* What is being asked
Given the entries that follow, write out exactly the lines starting at the one containing "N23NJ, 1979 Cessna" and ending at the one containing "asics アシックス 半袖", both ends included, and only those.

* Data for review
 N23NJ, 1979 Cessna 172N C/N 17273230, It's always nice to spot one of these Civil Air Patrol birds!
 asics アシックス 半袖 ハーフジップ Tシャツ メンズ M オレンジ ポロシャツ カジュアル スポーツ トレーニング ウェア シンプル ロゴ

...

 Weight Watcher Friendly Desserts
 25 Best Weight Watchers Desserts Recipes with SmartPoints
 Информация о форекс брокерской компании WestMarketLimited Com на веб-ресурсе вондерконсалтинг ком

...

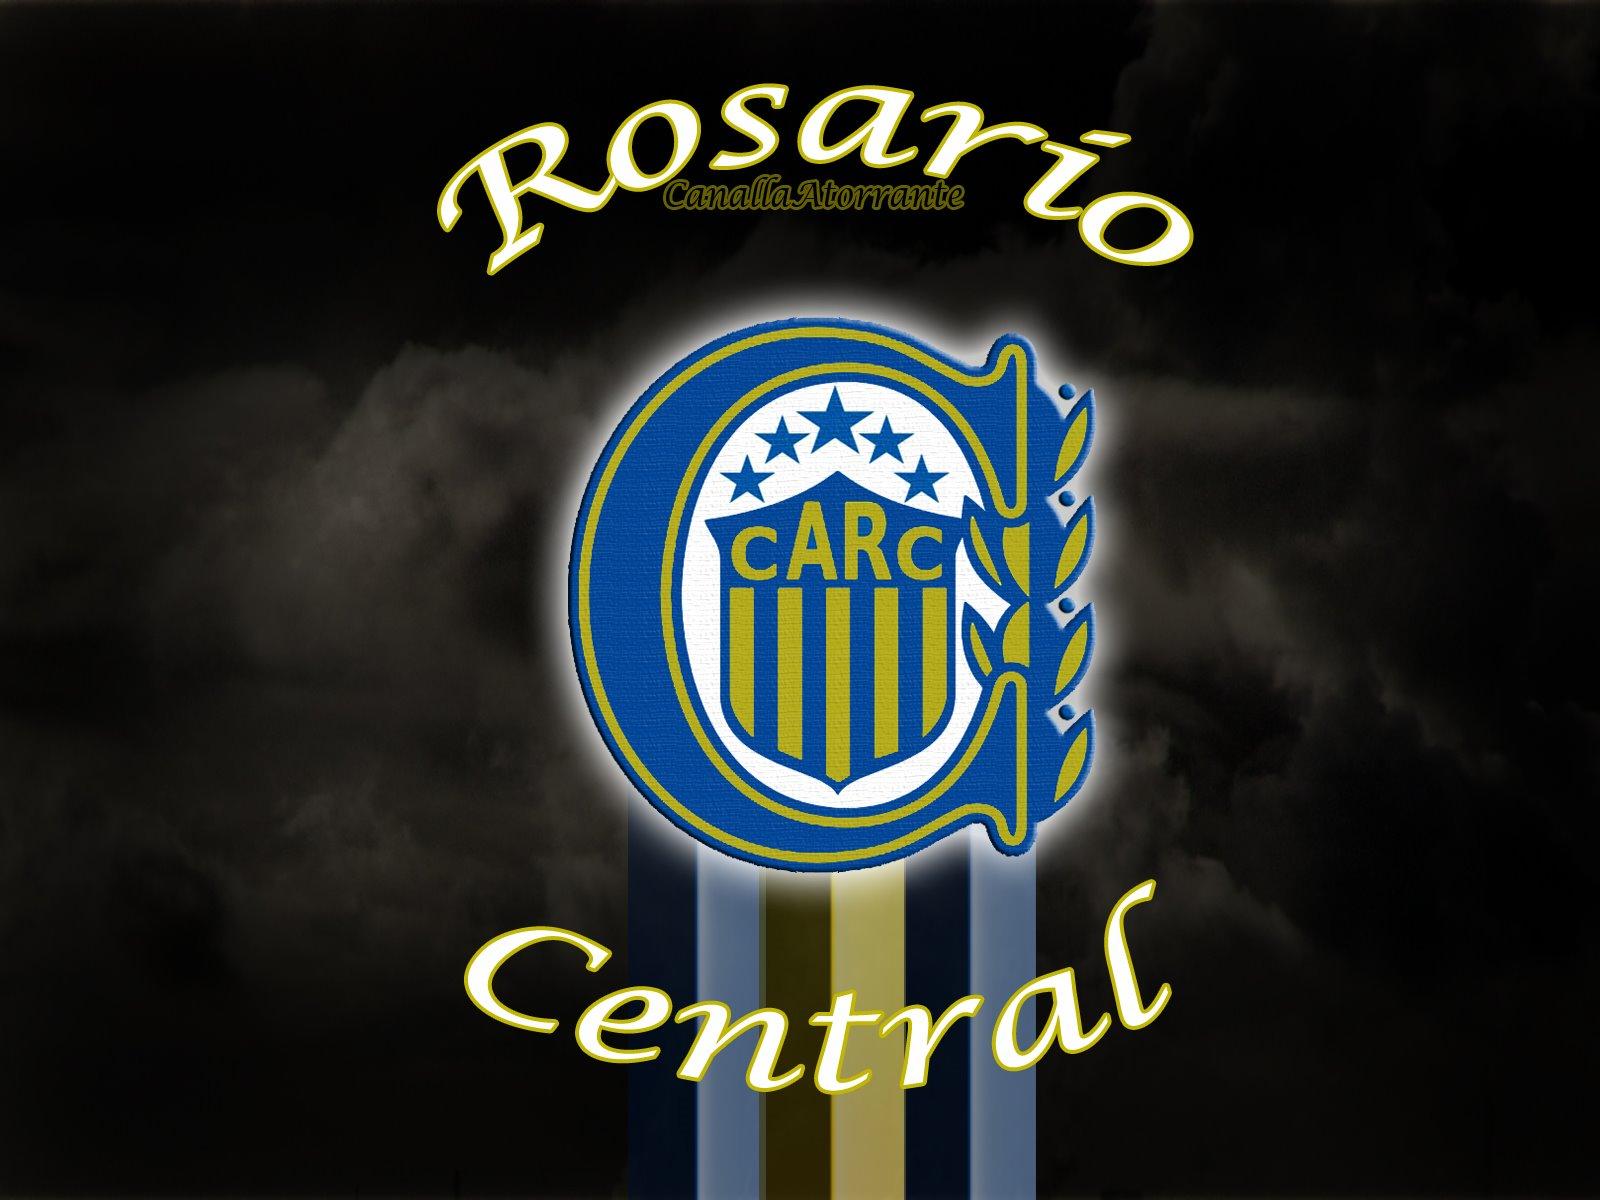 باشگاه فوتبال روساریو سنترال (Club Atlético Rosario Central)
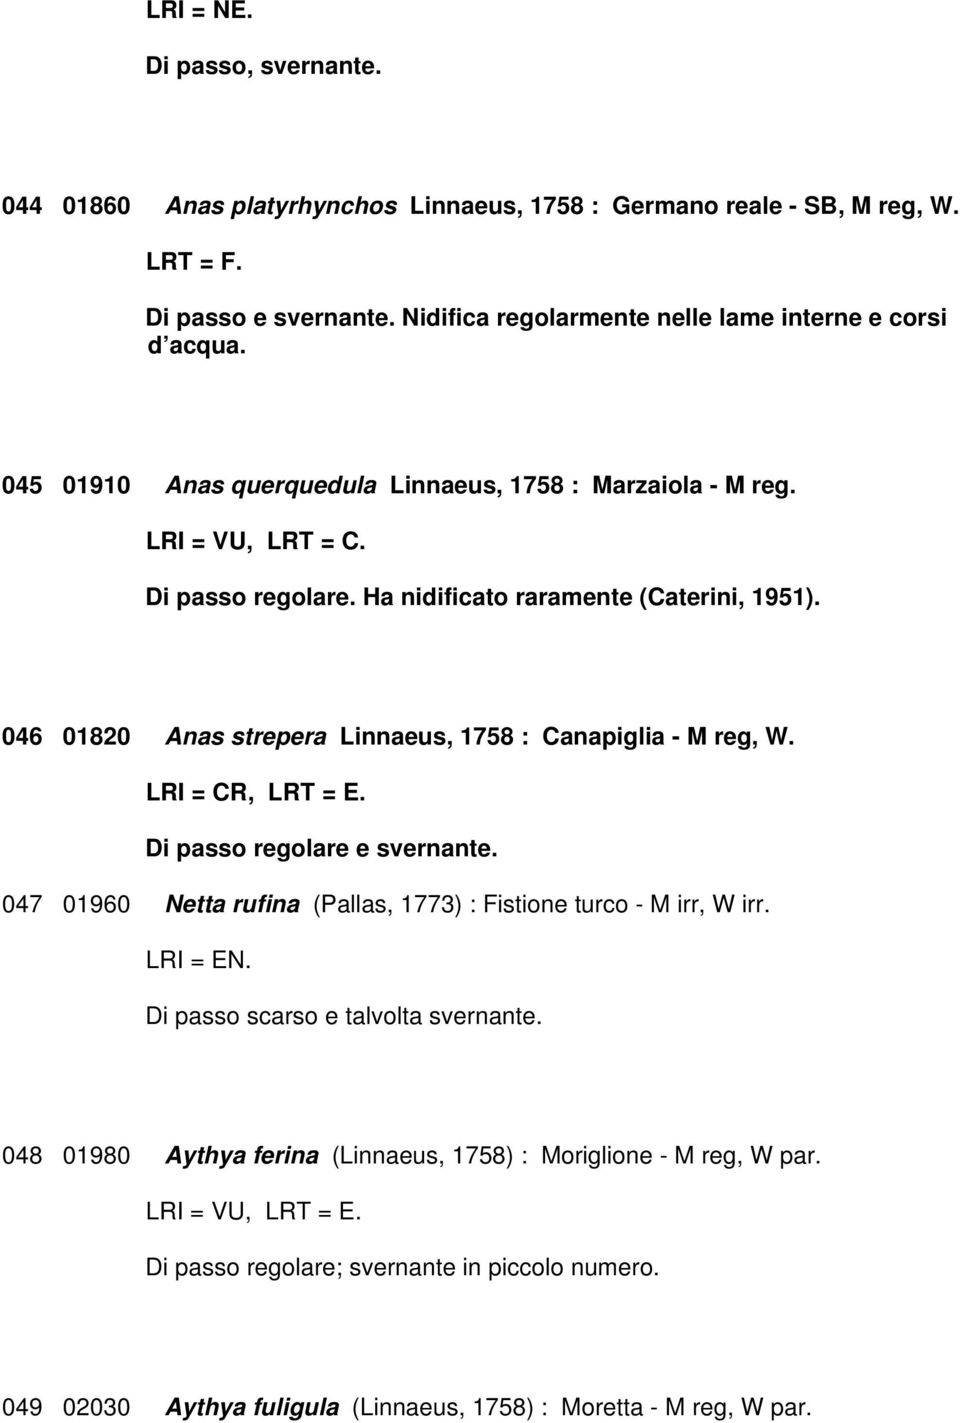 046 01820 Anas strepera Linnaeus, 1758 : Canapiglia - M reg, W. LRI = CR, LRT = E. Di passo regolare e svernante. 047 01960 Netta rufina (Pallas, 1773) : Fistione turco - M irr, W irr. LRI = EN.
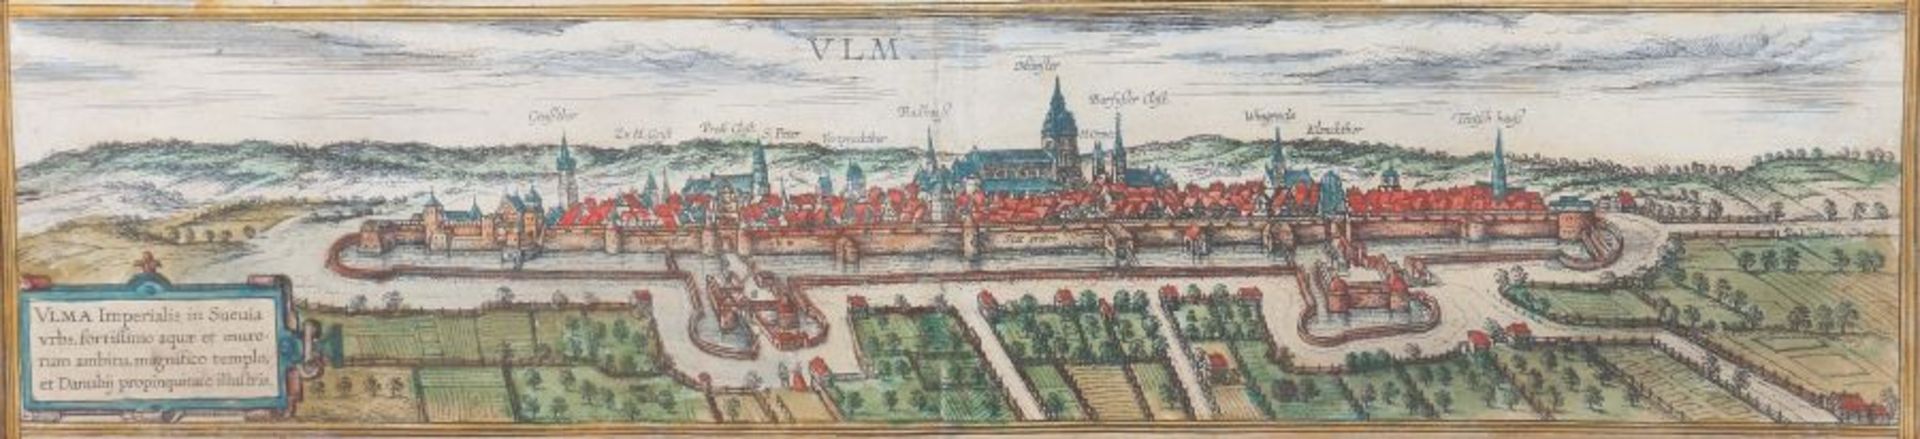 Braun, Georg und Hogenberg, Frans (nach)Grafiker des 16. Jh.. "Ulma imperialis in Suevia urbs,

* The answer
 N23NJ, 1979 Cessna 172N C/N 17273230, It's always nice to spot one of these Civil Air Patrol birds!
 asics アシックス 半袖 ハーフジップ Tシャツ メンズ M オレンジ ポロシャツ カジュアル スポーツ トレーニング ウェア シンプル ロゴ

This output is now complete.